### DATASET RECORDS
============================================================

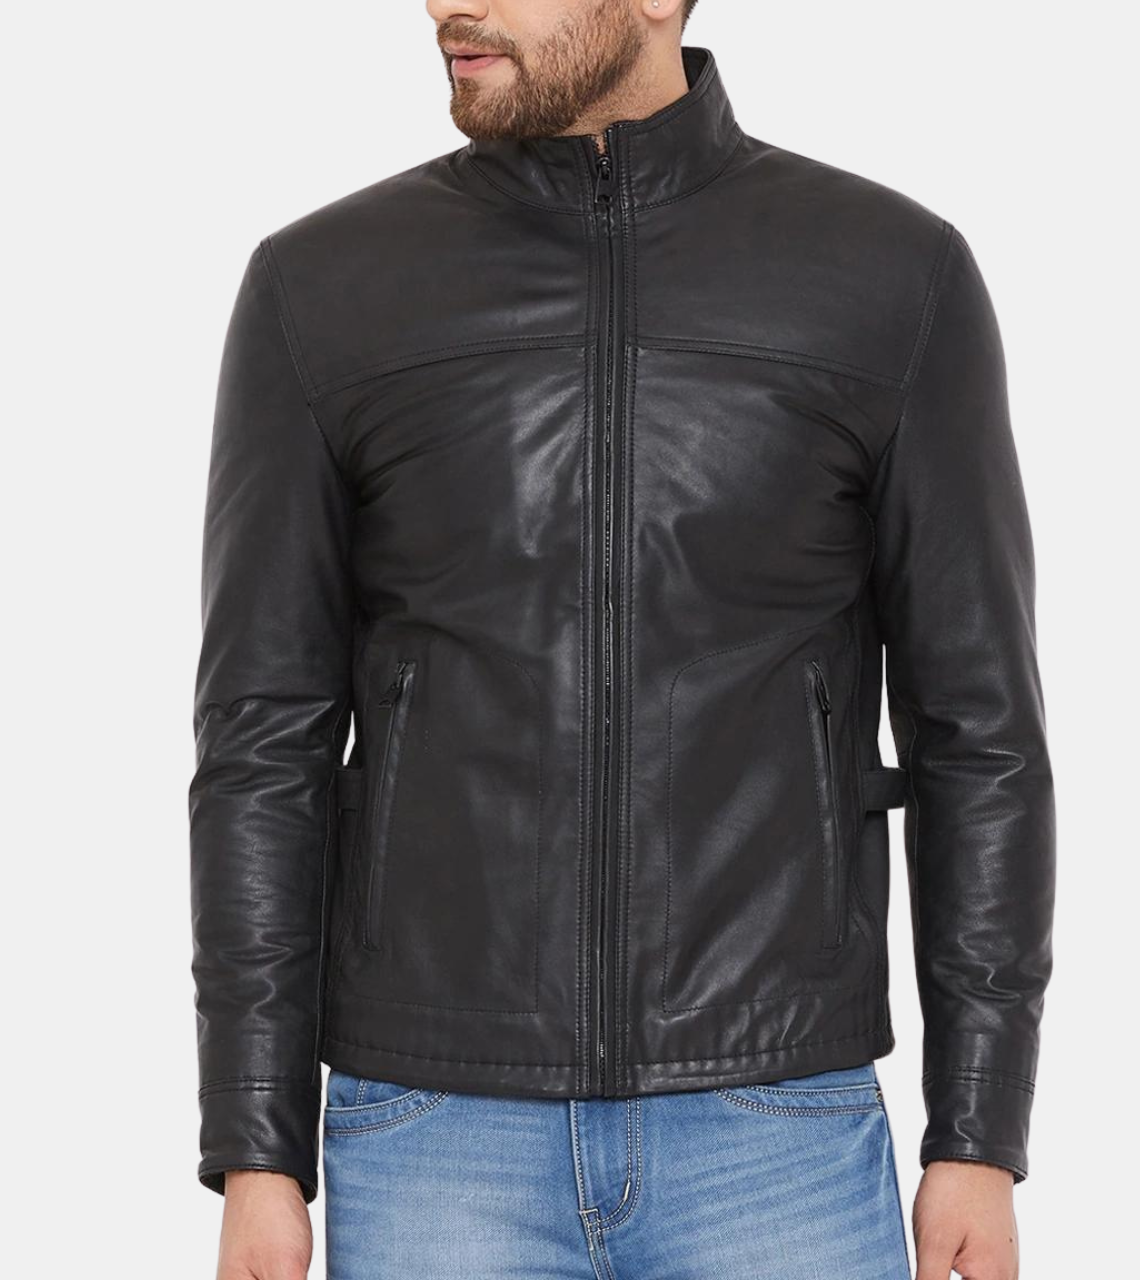  Sullivan Men's Leather Jacket 
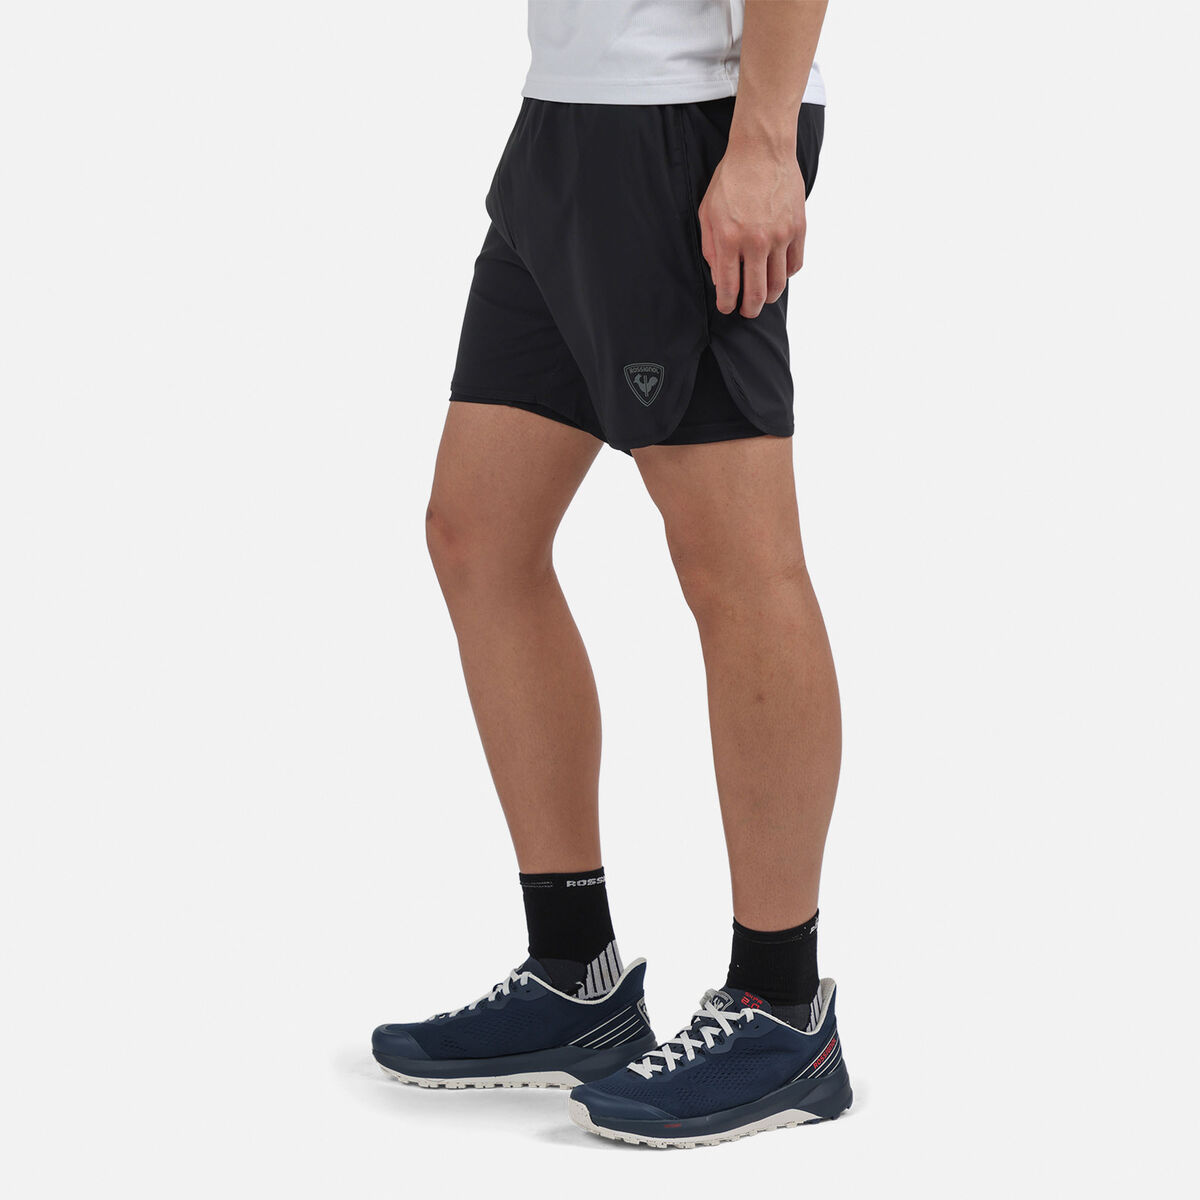 Rossignol Men's 2-in-1 Active Shorts black
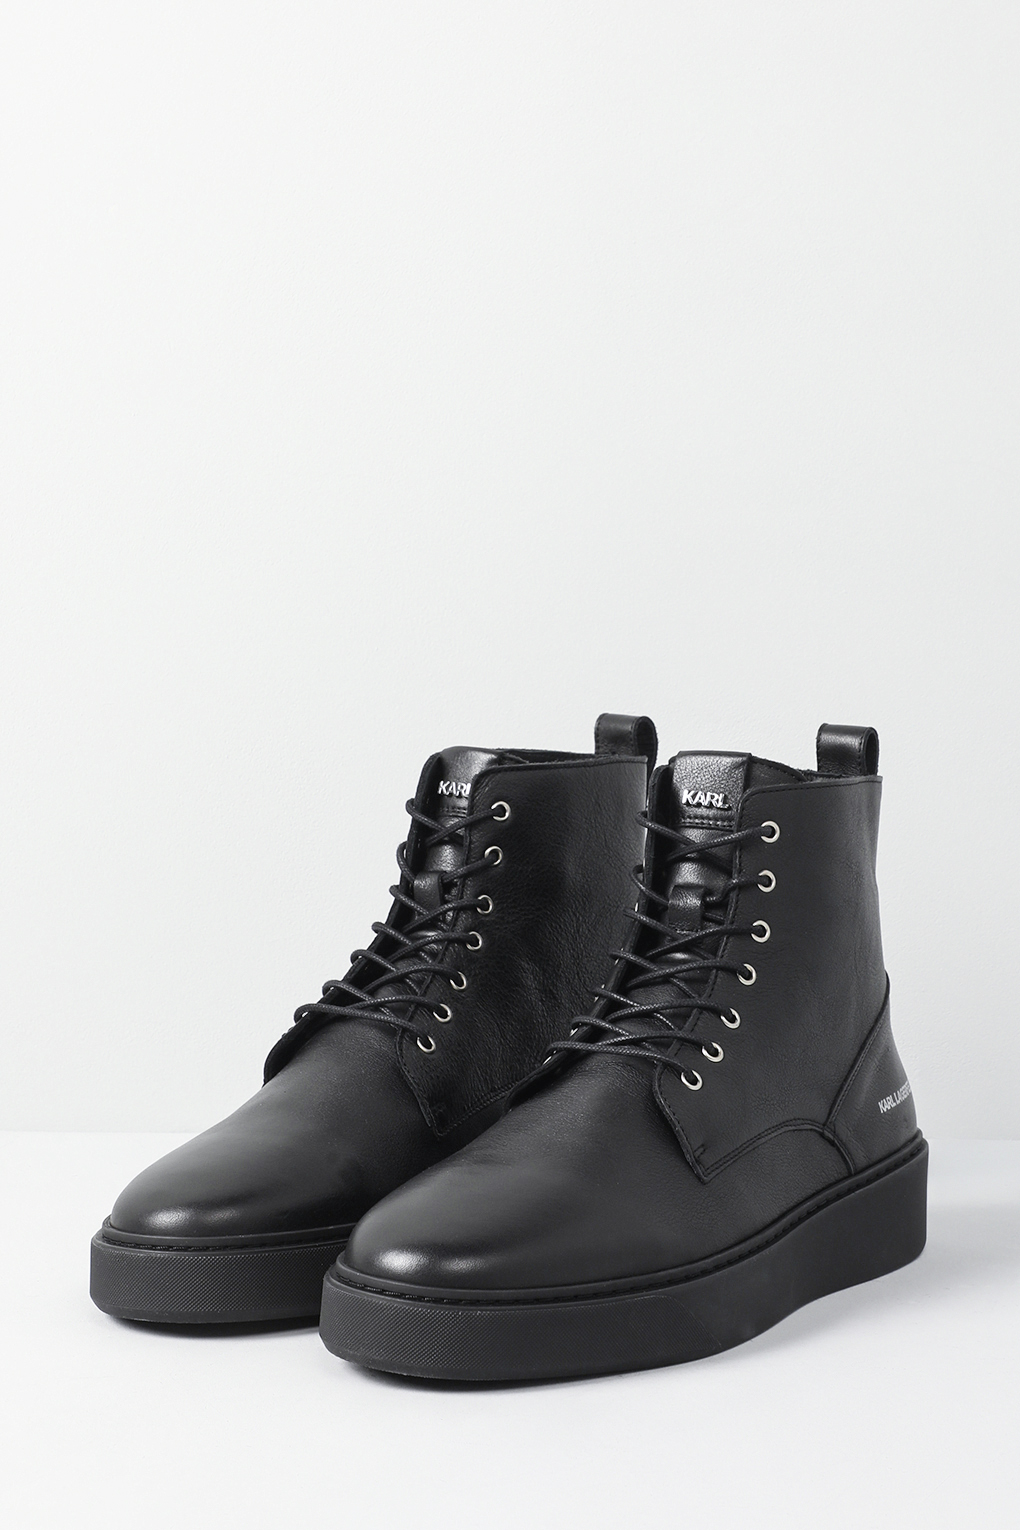 Ботинки мужские Karl Lagerfeld 855003-533470 черные 41 EU
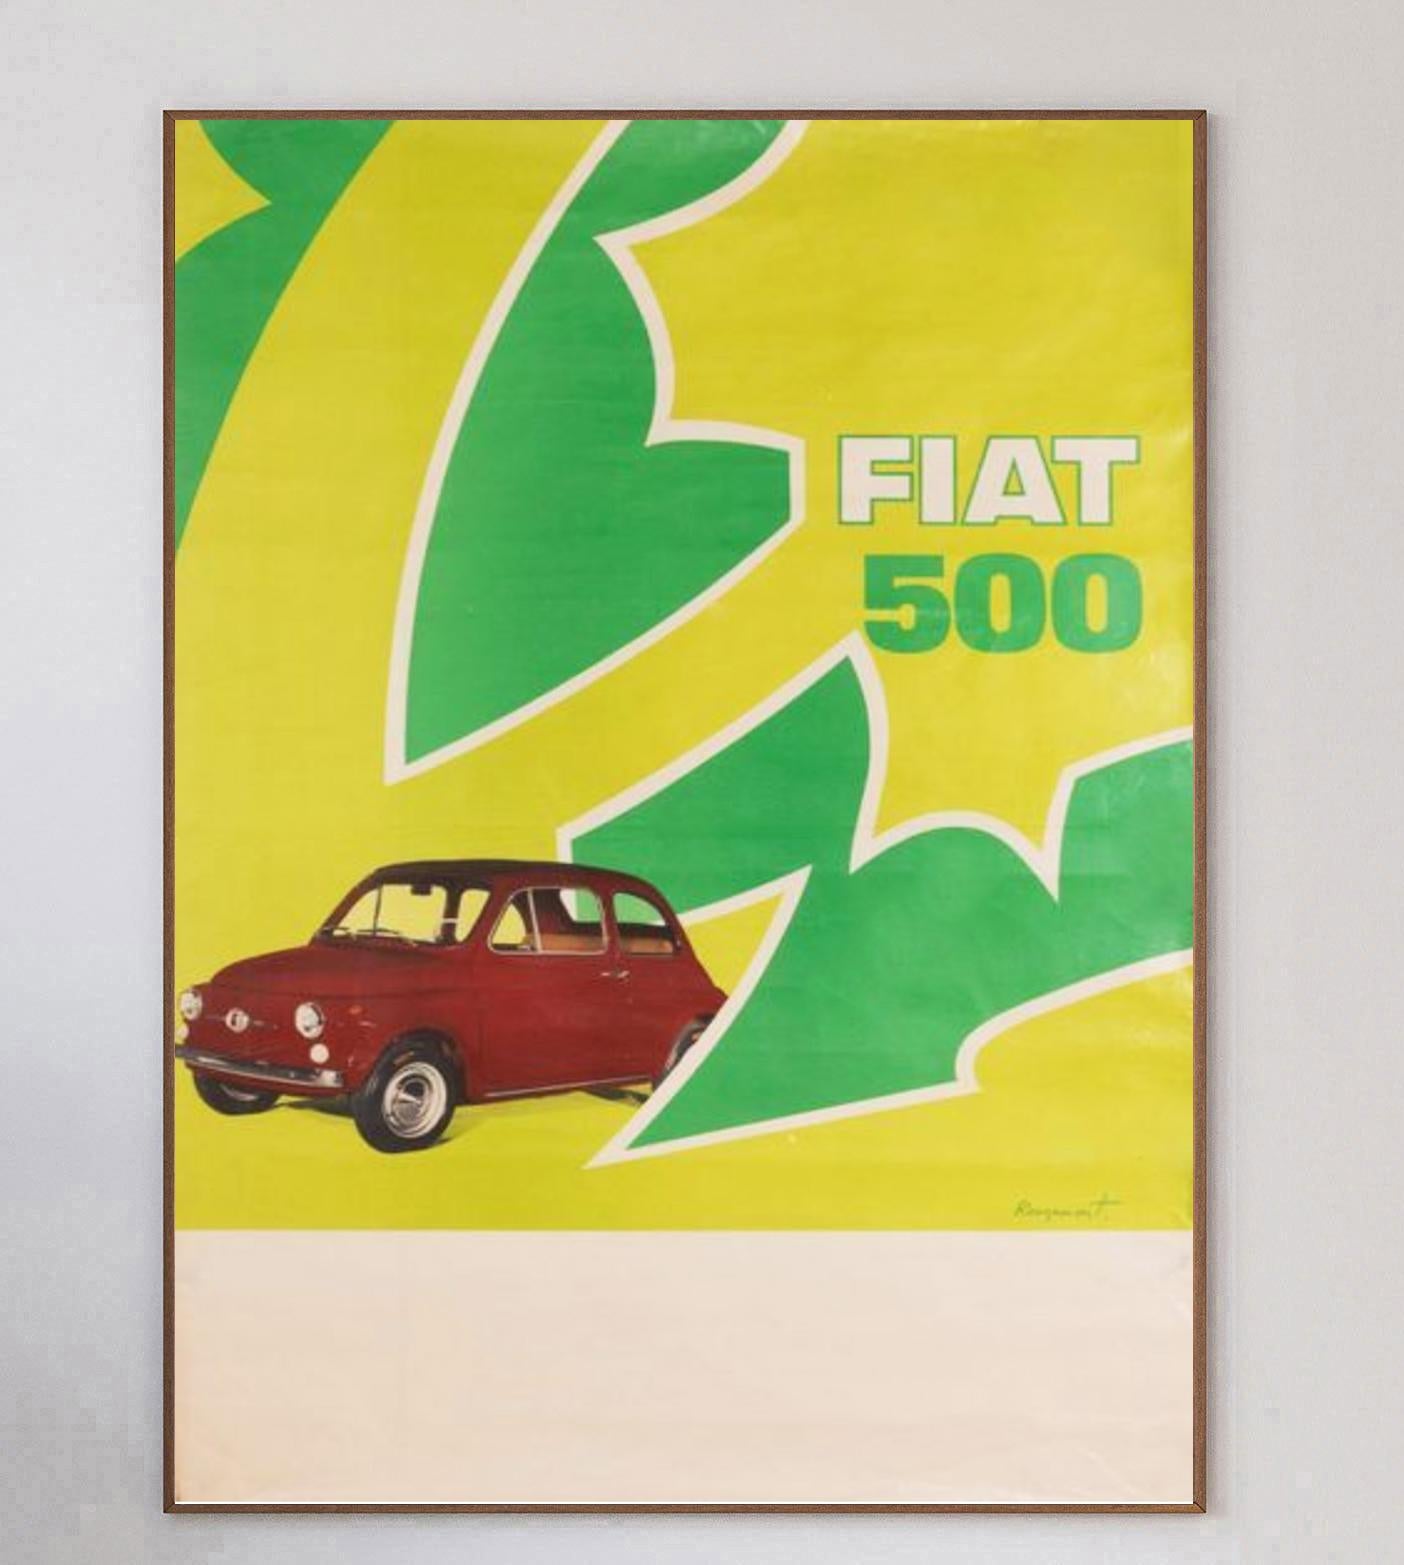 Impresionante cartel litográfico de 1967 anunciando el coche Fiat 500. Diseñado por Guy de Rougemont, este brillante diseño de los años 60 tiene un gran colorido vibrante y es extremadamente raro.

Uno de los modelos de automóvil más emblemáticos
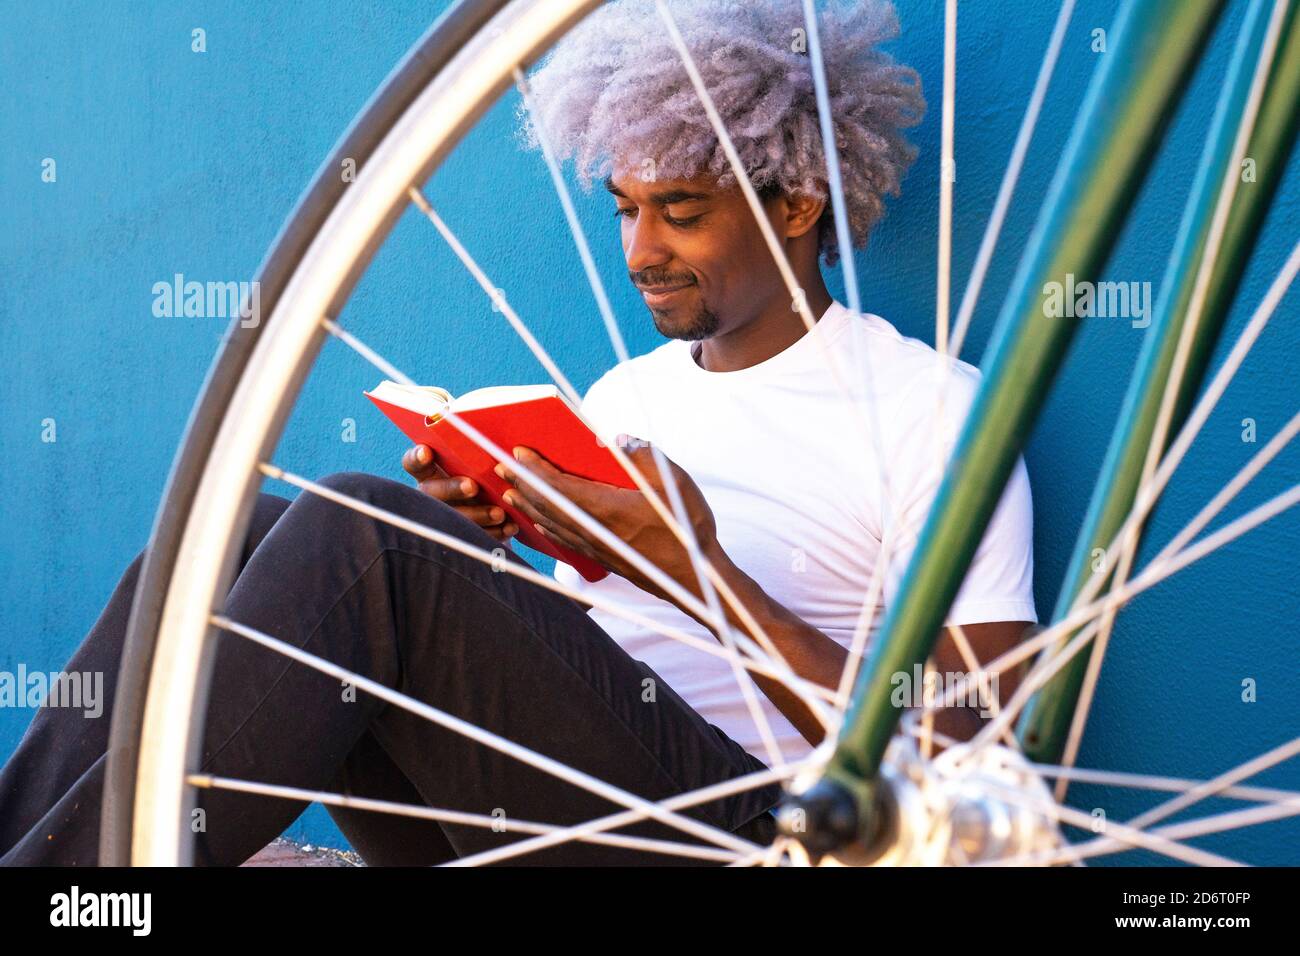 Schwarz und afro Mann liest ein Buch neben seinem Fahrrad. Konzept des schwarzen Mannes, der ein Buch liest. Stockfoto

============================================================

### WORK TO BE COMPLETED
Retype each line above precisely, please. Skip anything that is a picture.

### EXPECTED ANSWER
  Sullivan Men's Leather Jacket 
 Rossignol Men's 2-in-1 Active Shorts black
 Ботинки мужские Karl Lagerfeld 855003-533470 черные 41 EU
 Impresionante cartel litográfico de 1967 anunciando el coche Fiat 500. Diseñado por Guy de Rougemont, este brillante diseño de los años 60 tiene un gran colorido vibrante y es extremadamente raro.

Uno de los modelos de automóvil más emblemáticos
 Schwarz und afro Mann liest ein Buch neben seinem Fahrrad. Konzept des schwarzen Mannes, der ein Buch liest. Stockfoto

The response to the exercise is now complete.